但问题是上面的错误。如果有人能指出这里的问题,我将不胜感激。。我自己好像找不到,不过我还是个 hive 里的新手。
提前谢谢。。
更新:尝试更新查询。下面是我刚刚尝试运行的查询:
DROP table CurrentCostDataSamples_MySQL_Dump_Last_1_Hour_Summary;
CREATE EXTERNAL TABLE IF NOT EXISTS CurrentCostDataSamples_MySQL_Dump_Last_1_Hour_Summary ( messageRowID STRING, payload_sensor INT, messagetimestamp BIGINT, payload_temp FLOAT, payload_timestamp BIGINT, payload_timestampmysql STRING, payload_watt INT, payload_wattseconds INT )

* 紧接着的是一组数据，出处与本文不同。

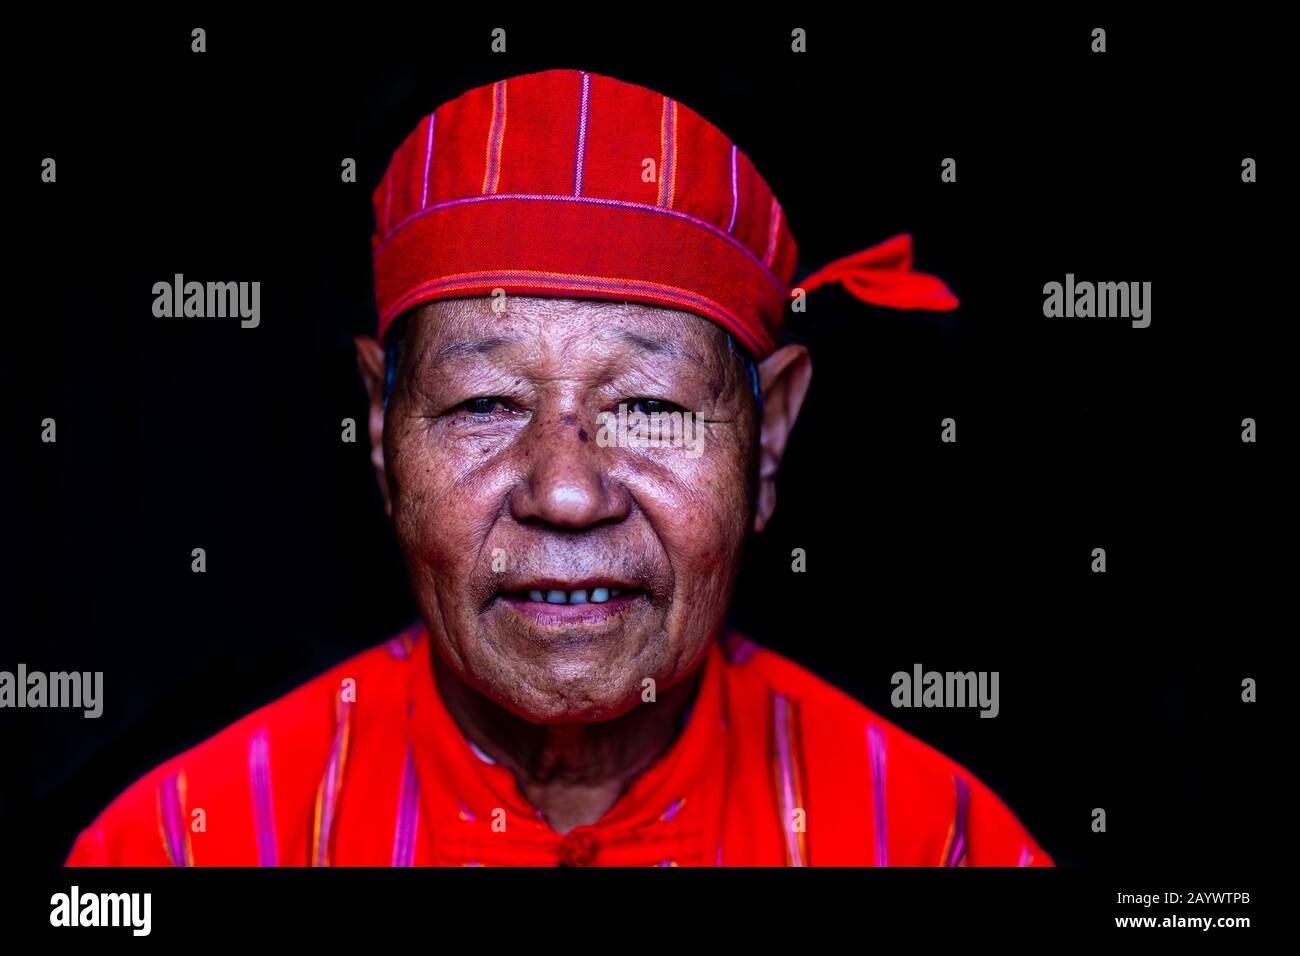 A Portrait Of A Man From The Kayah Ethnic Group In Traditional Costume, Hta Nee La Leh Village, Loikaw, Kayah State, Myanmar. Stock Photo
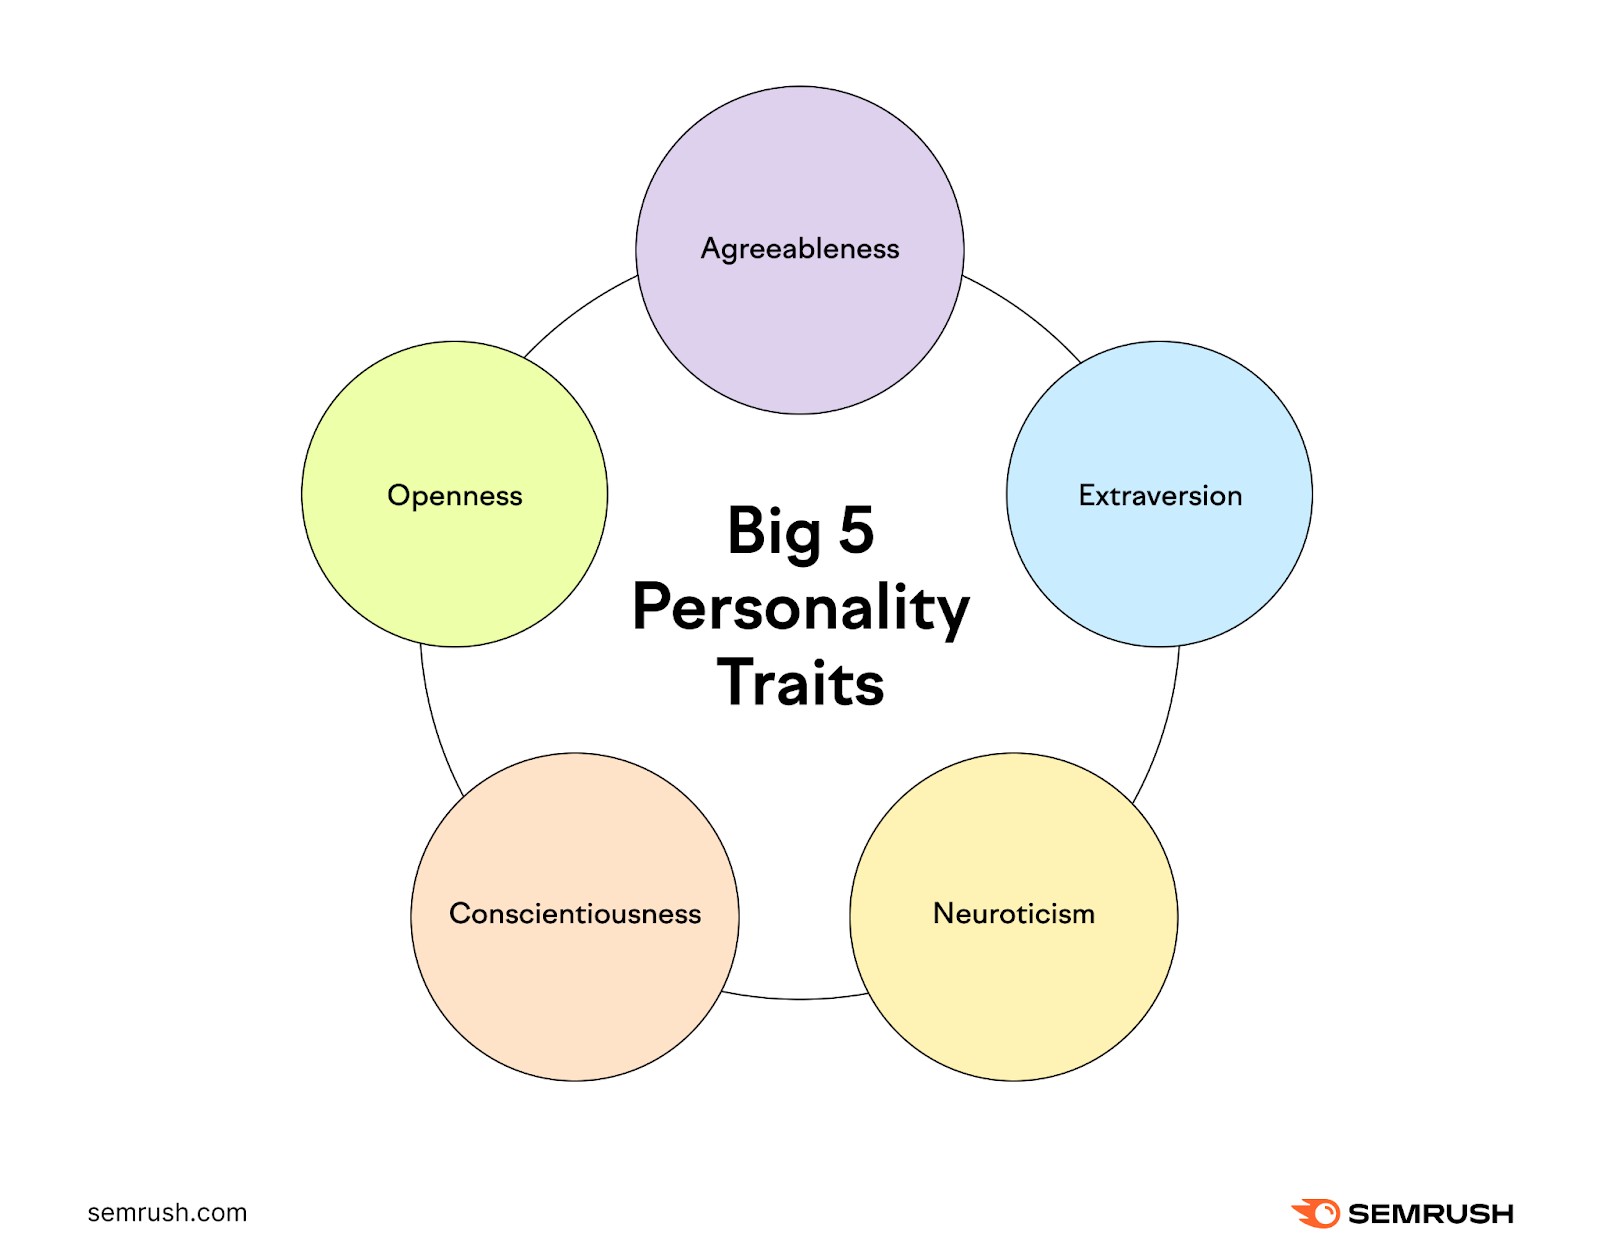 “Big Five” personality traits: openness, conscientiousness, extraversion, agreeableness, and neuroticism

STORED BY 'org.apache.hadoop.hive.cassandra.CassandraStorageHandler'
WITH SERDEPROPERTIES ( "cassandra.host" = "127.0.0.1",
"cassandra.port" = "9160",
"cassandra.ks.name" = "EVENT_KS",
"cassandra.ks.username" = "admin",
"cassandra.ks.password" = "admin",
"cassandra.cf.name" = "currentcost_stream",
"cassandra.columns.mapping" = ":key, payload_sensor, Timestamp, payload_temp, payload_timestamp, payload_timestampmysql, payload_watt, payload_wattseconds" );
select messageRowID, payload_sensor, messagetimestamp, payload_temp, payload_timestamp, payload_timestampmysql, payload_watt, payload_wattseconds, hour(from_unixtime(payload_timestamp))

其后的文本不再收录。